In  [4], a 2-approximation algorithm with \(\mathcal {O}(N^2 (MN + d))\) running time is proposed.

An exact algorithm for the case of integer inputs was substantiated in  [5]. When the space dimension is fixed, the algorithm is pseudopolynomial and runs in \(\mathcal {O}(N^3 (MD)^d)\) time.

In  [6], an FPTAS was presented for the case of Problem 1 when the space dimension is fixed. Given relative error \(\varepsilon \), this algorithm finds a \((1+\varepsilon )\)-approximate solution to the problem in \(\mathcal {O}(M N^3 (1/\varepsilon )^{q/2})\) time.

Problem 2 simulates the following applied problem. As in Problem 1, we have a sequence \(\mathcal {Y}\) of N time-ordered measurement results for d characteristics of some object. This object can be in two different states (active and passive, for example). Each measurement has an error and the correspondence between the elements of the input sequence and the states is unknown. One know that the object was in the active state exactly M times (or the probability of the active state is \(\frac{M}{N}\)) and the time interval between every two consecutive active states is bounded from below and above by some constants \(T_{\min }\) and \(T_{\max }\). It is required to find 2-partition of the input sequence and evaluate the object characteristics.

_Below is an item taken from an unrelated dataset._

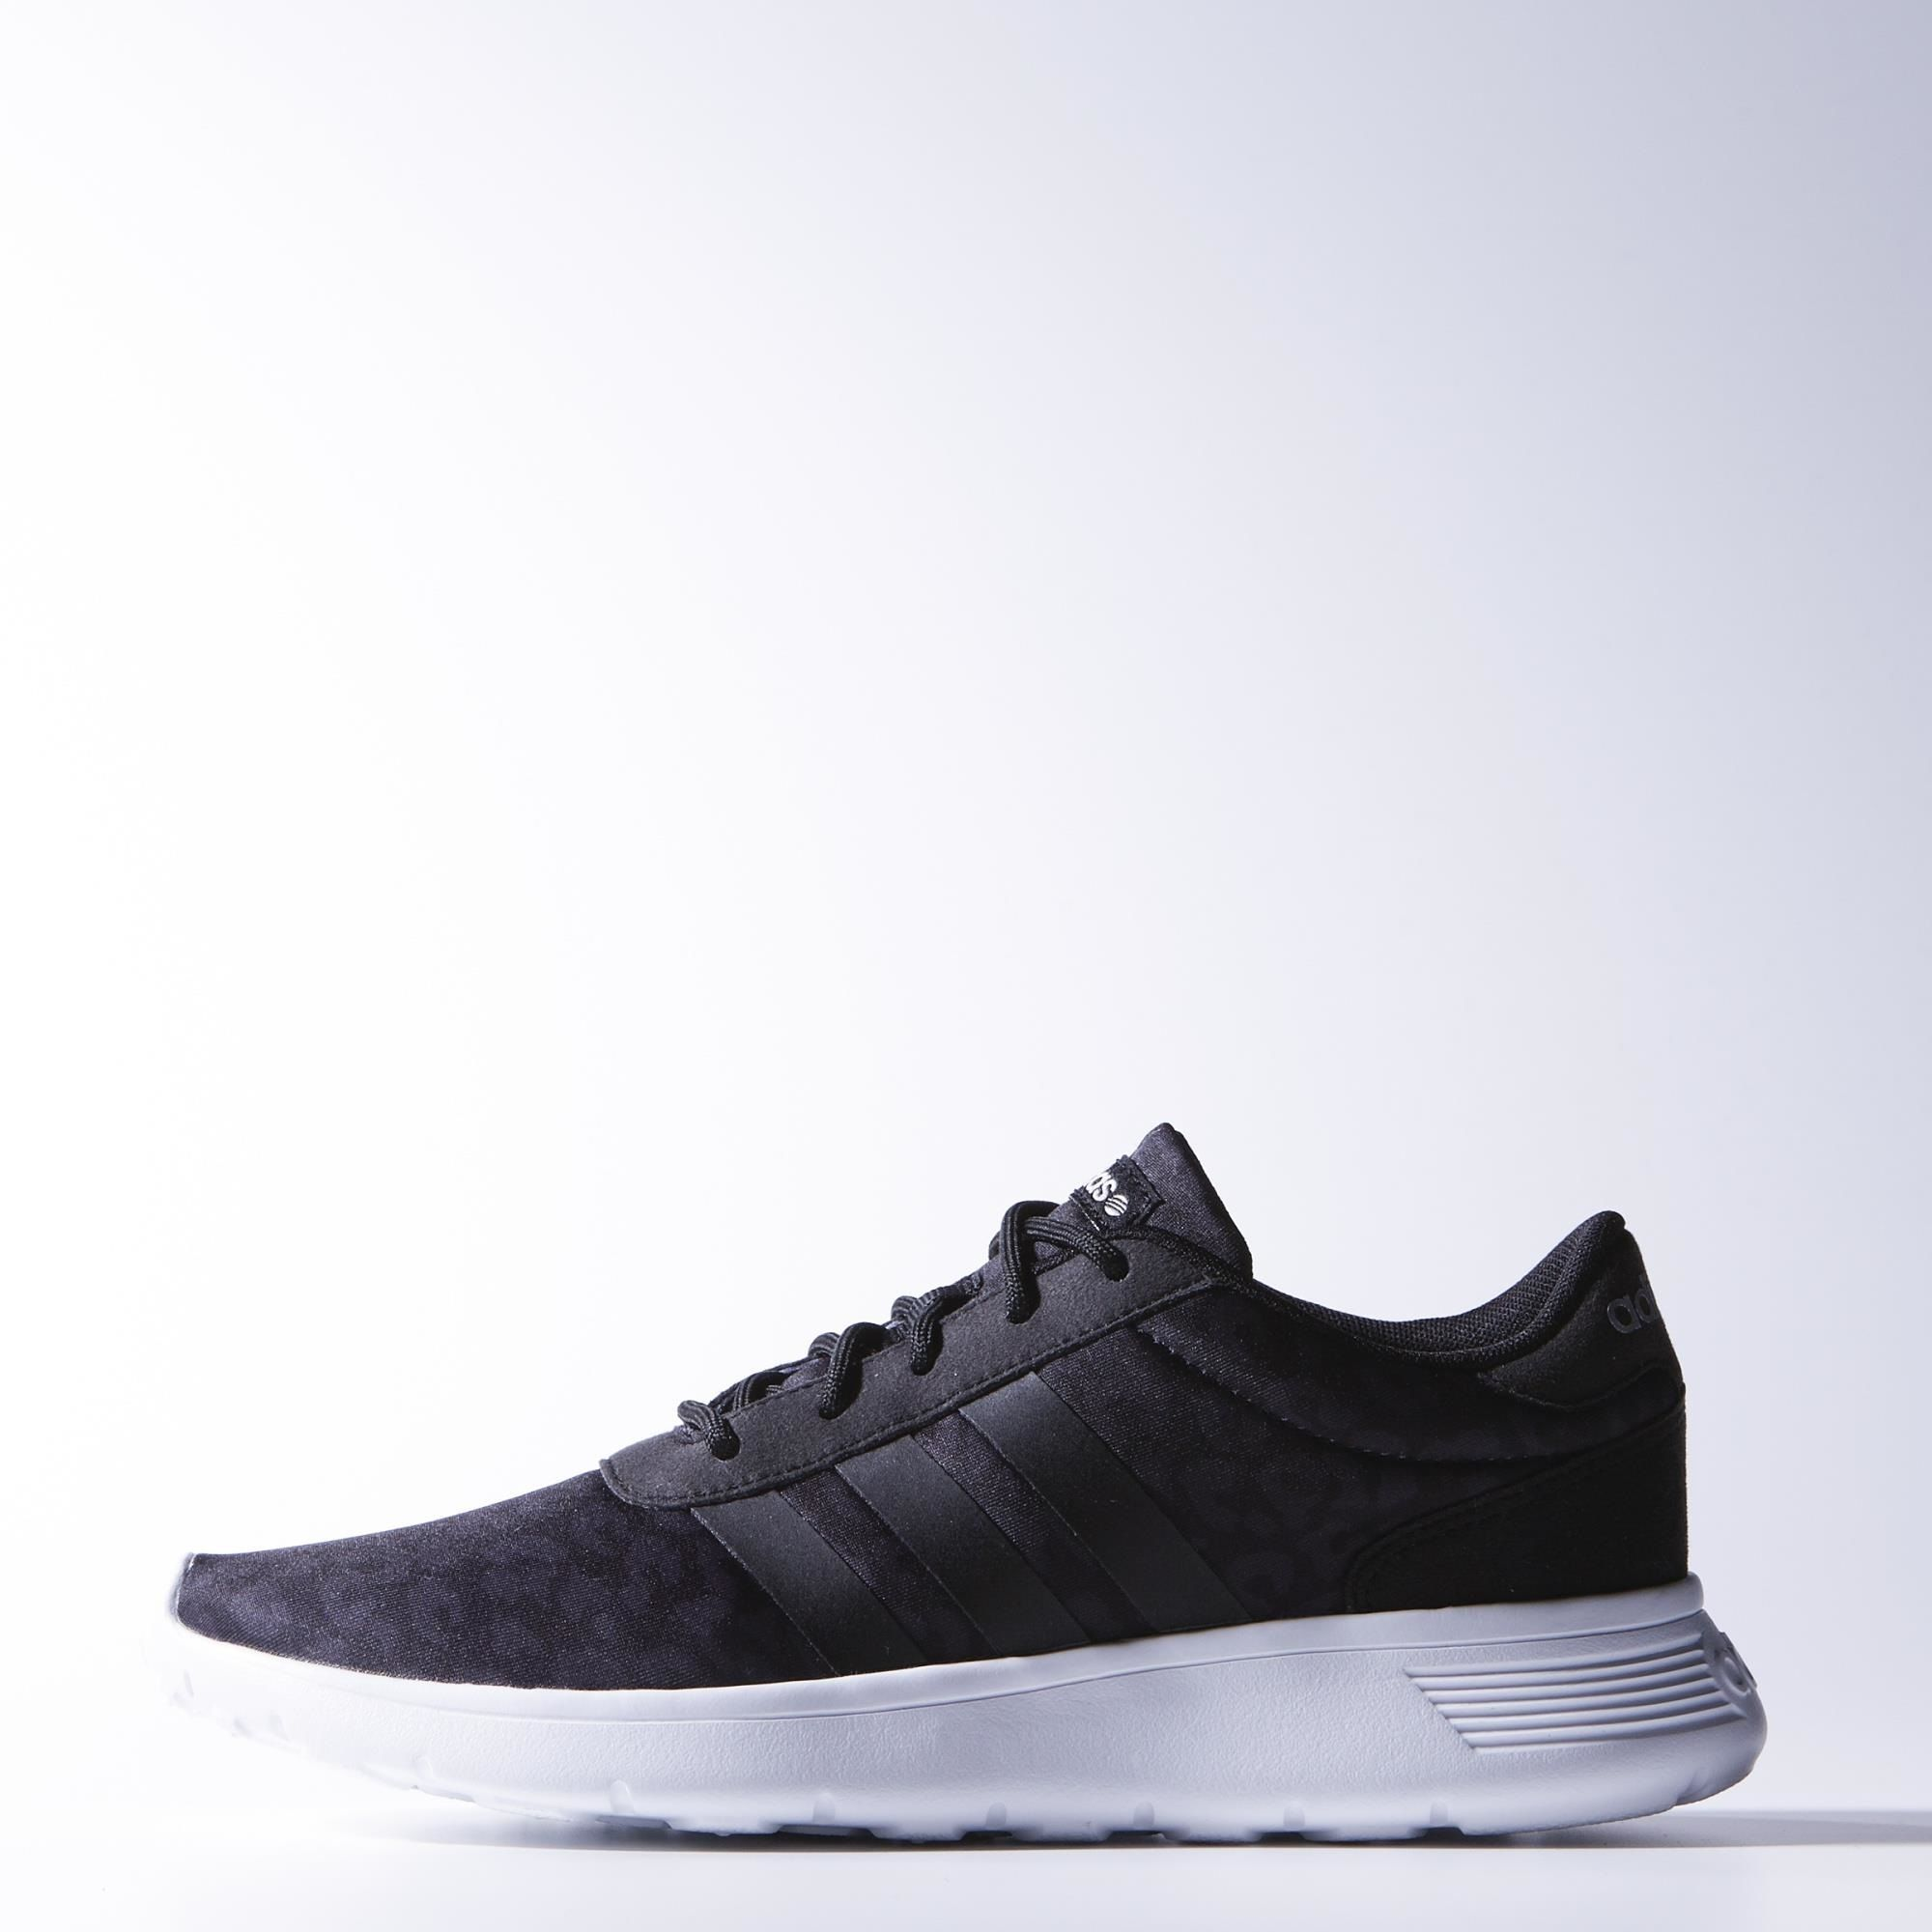 adidas schuhe weiss schwarz fairy

If \(T_{\min } = 1\) and \(T_{\max } = N\), Problem 2 is equivalent to Cardinality-weighted variance-based 2-clustering with given center problem. One can easily find a list of known results for this special case in  [8].

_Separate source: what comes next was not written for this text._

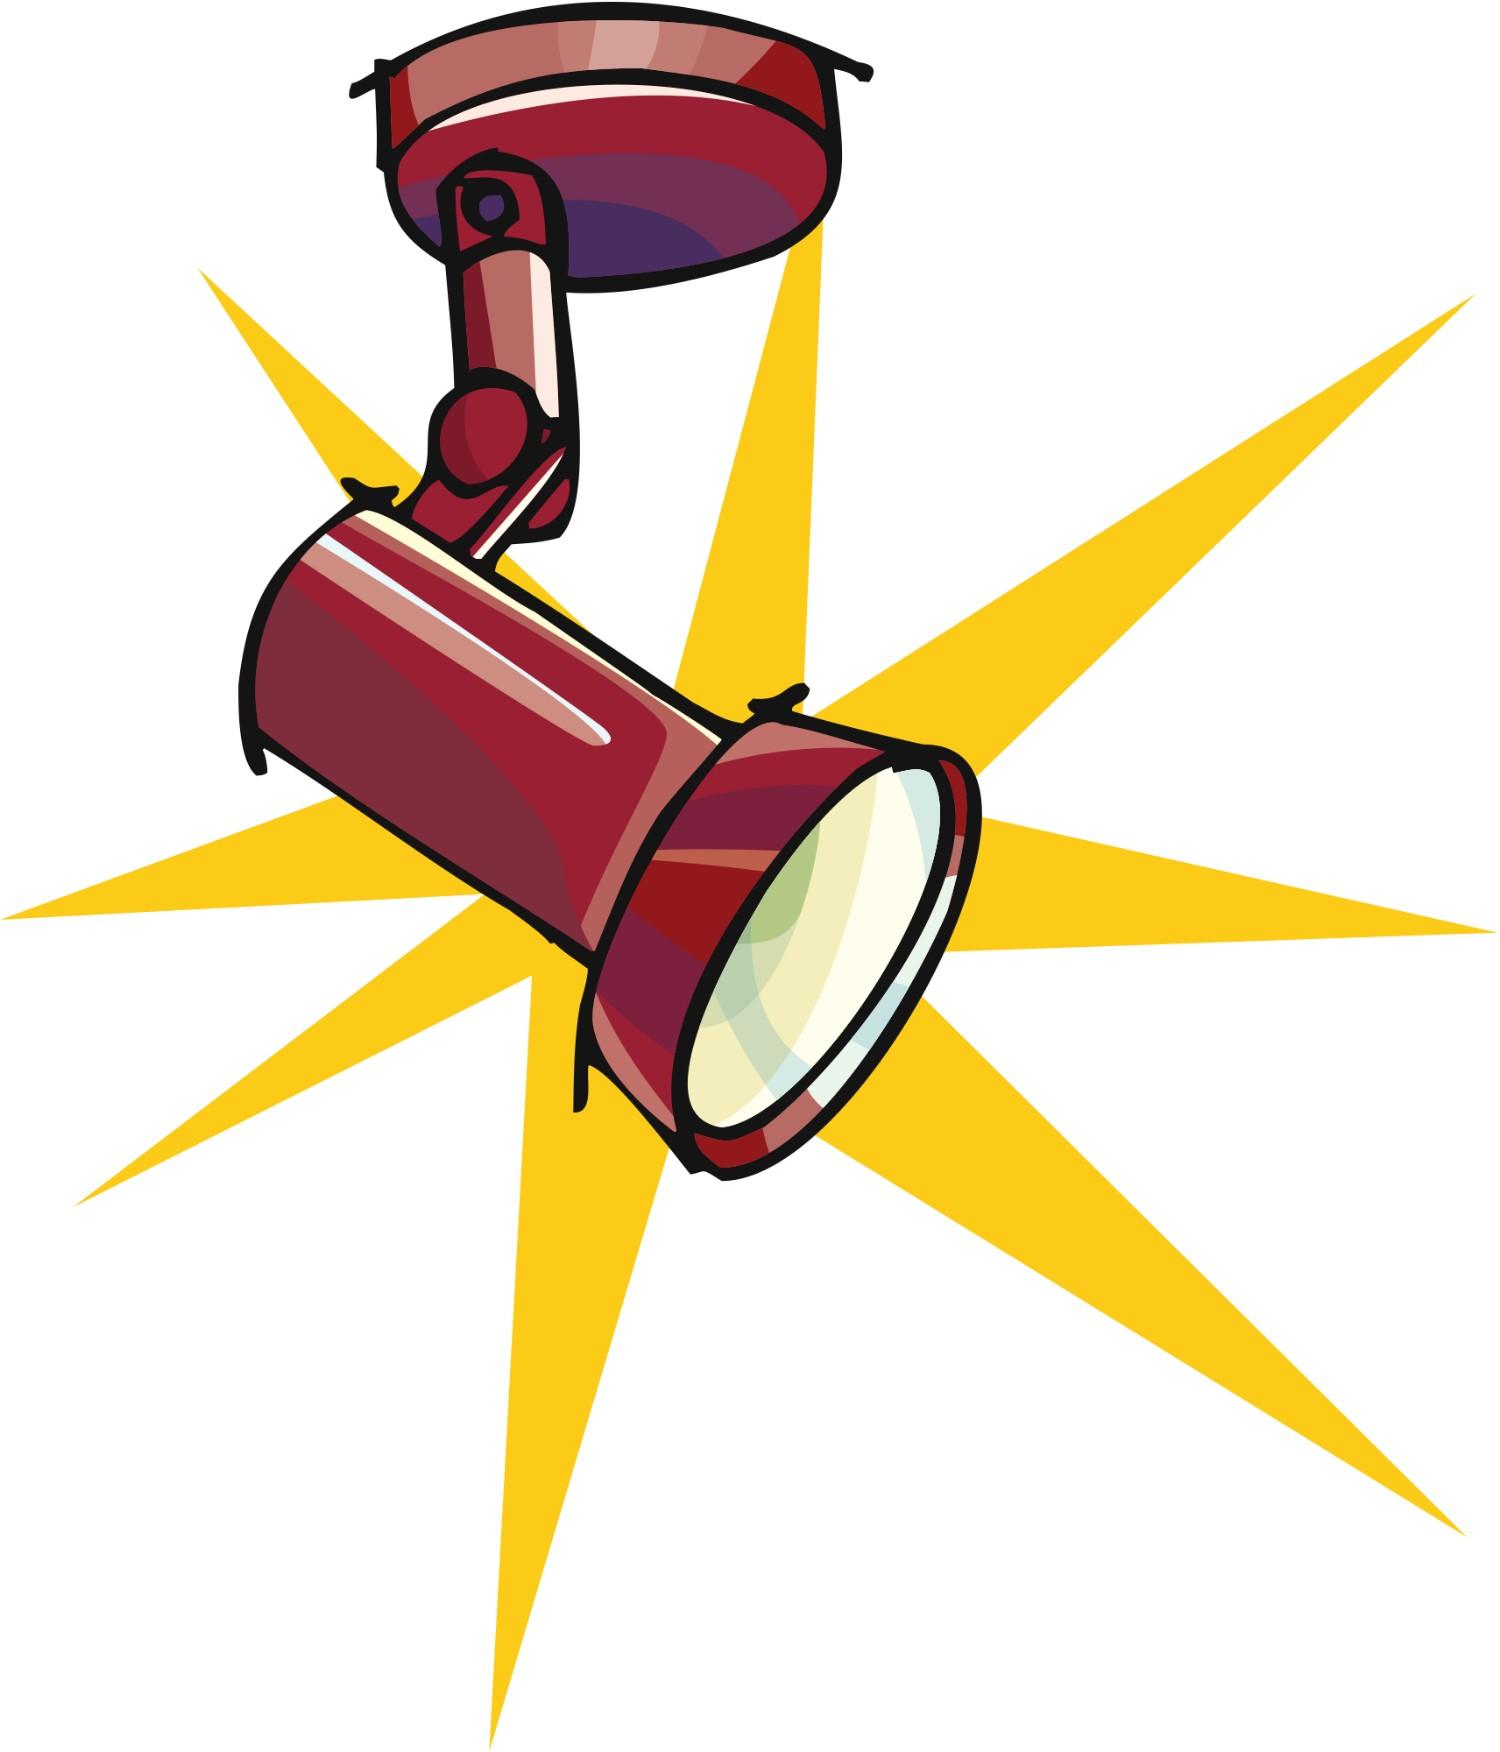 Spotlight clip art free clipart images 5

Cardinality-weighted variance-based 2-clustering with given center problem is related but not equivalent to the well-known Min-sum all-pairs 2-clustering problem (see, e.g.,  [9, 10]). Many algorithmic results are known for this closely related problem, but they are not directly applicable to Cardinality-weighted variance-based 2-clustering with given center problem.

Problem 2 is strongly NP-hard [11]. Only two algorithmic results have been proposed for this problem until now.

An exact pseudopolynomial algorithm was proposed in [11] for the case of integer instances and the fixed space dimension d. The running time of this algorithm is \(\mathcal {O}(N(M(T_{\max }-T_{\min }+1)+d)(2MD+1)^d)\), where D is the maximum absolute value of coordinates of the input points.

In [12], a 2-approximation algorithm was presented. The running time of the algorithm is \(\mathcal {O}(N^2(M(T_{\max }-T_{\min }+1)+d))\).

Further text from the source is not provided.